WORK TO COMPLETE » Output each line of the data word for word, from the first through the line that holds "Panasonic CF-19 Personal", and leave off whatever follows.

EXERCISE DATA »
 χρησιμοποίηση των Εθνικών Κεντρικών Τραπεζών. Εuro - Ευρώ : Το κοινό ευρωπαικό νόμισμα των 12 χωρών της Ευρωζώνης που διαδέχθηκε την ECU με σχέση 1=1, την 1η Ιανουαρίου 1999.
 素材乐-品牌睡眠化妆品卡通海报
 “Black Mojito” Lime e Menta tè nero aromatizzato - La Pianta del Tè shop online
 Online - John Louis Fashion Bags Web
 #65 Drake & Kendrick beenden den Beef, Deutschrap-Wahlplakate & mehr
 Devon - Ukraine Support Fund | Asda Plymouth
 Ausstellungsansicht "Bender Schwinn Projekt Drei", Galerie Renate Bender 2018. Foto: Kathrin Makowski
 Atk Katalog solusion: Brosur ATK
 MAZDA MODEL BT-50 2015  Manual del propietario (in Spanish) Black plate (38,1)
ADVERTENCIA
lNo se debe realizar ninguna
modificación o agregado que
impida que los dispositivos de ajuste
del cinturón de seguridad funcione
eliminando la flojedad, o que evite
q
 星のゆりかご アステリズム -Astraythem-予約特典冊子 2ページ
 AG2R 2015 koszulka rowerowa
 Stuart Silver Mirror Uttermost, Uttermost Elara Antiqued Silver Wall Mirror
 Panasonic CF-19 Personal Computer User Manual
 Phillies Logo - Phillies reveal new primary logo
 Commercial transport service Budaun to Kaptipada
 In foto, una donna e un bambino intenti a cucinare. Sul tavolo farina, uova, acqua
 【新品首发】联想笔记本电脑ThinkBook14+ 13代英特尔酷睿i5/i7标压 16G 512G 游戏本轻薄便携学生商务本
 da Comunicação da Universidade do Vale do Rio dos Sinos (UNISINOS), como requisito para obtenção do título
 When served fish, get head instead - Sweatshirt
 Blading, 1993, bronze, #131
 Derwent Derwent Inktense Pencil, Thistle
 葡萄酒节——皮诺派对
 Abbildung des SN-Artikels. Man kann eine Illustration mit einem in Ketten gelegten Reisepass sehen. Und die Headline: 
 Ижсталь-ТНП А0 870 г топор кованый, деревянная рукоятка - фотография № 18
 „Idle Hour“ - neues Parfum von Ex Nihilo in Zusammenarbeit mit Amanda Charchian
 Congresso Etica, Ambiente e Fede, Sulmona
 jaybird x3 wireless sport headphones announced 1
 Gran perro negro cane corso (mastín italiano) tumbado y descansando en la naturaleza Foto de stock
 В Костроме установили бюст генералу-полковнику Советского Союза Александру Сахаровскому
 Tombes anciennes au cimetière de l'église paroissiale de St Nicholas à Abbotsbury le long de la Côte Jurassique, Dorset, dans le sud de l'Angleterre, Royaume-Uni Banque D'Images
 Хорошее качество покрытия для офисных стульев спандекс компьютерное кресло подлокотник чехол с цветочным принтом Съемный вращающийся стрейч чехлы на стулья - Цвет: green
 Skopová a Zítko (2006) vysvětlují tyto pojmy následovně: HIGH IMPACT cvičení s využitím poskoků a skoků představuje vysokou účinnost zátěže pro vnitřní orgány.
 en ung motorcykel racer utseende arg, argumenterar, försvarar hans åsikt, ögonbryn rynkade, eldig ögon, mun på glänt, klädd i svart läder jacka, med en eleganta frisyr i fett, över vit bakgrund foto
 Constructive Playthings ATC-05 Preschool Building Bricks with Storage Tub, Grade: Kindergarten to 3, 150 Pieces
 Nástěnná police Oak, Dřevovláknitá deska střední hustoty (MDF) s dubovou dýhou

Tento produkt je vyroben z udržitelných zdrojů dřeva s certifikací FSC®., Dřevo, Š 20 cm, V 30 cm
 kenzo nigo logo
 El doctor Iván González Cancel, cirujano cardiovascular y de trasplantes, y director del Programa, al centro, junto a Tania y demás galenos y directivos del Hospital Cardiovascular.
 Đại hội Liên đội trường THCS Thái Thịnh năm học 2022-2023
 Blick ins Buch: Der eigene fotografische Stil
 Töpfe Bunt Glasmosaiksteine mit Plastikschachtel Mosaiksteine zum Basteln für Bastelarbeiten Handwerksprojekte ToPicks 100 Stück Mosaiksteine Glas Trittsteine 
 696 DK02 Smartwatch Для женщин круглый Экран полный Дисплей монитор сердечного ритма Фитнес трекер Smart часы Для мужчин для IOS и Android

FINISHED EXERCISE »
 χρησιμοποίηση των Εθνικών Κεντρικών Τραπεζών. Εuro - Ευρώ : Το κοινό ευρωπαικό νόμισμα των 12 χωρών της Ευρωζώνης που διαδέχθηκε την ECU με σχέση 1=1, την 1η Ιανουαρίου 1999.
 素材乐-品牌睡眠化妆品卡通海报
 “Black Mojito” Lime e Menta tè nero aromatizzato - La Pianta del Tè shop online
 Online - John Louis Fashion Bags Web
 #65 Drake & Kendrick beenden den Beef, Deutschrap-Wahlplakate & mehr
 Devon - Ukraine Support Fund | Asda Plymouth
 Ausstellungsansicht "Bender Schwinn Projekt Drei", Galerie Renate Bender 2018. Foto: Kathrin Makowski
 Atk Katalog solusion: Brosur ATK
 MAZDA MODEL BT-50 2015  Manual del propietario (in Spanish) Black plate (38,1)
ADVERTENCIA
lNo se debe realizar ninguna
modificación o agregado que
impida que los dispositivos de ajuste
del cinturón de seguridad funcione
eliminando la flojedad, o que evite
q
 星のゆりかご アステリズム -Astraythem-予約特典冊子 2ページ
 AG2R 2015 koszulka rowerowa
 Stuart Silver Mirror Uttermost, Uttermost Elara Antiqued Silver Wall Mirror
 Panasonic CF-19 Personal Computer User Manual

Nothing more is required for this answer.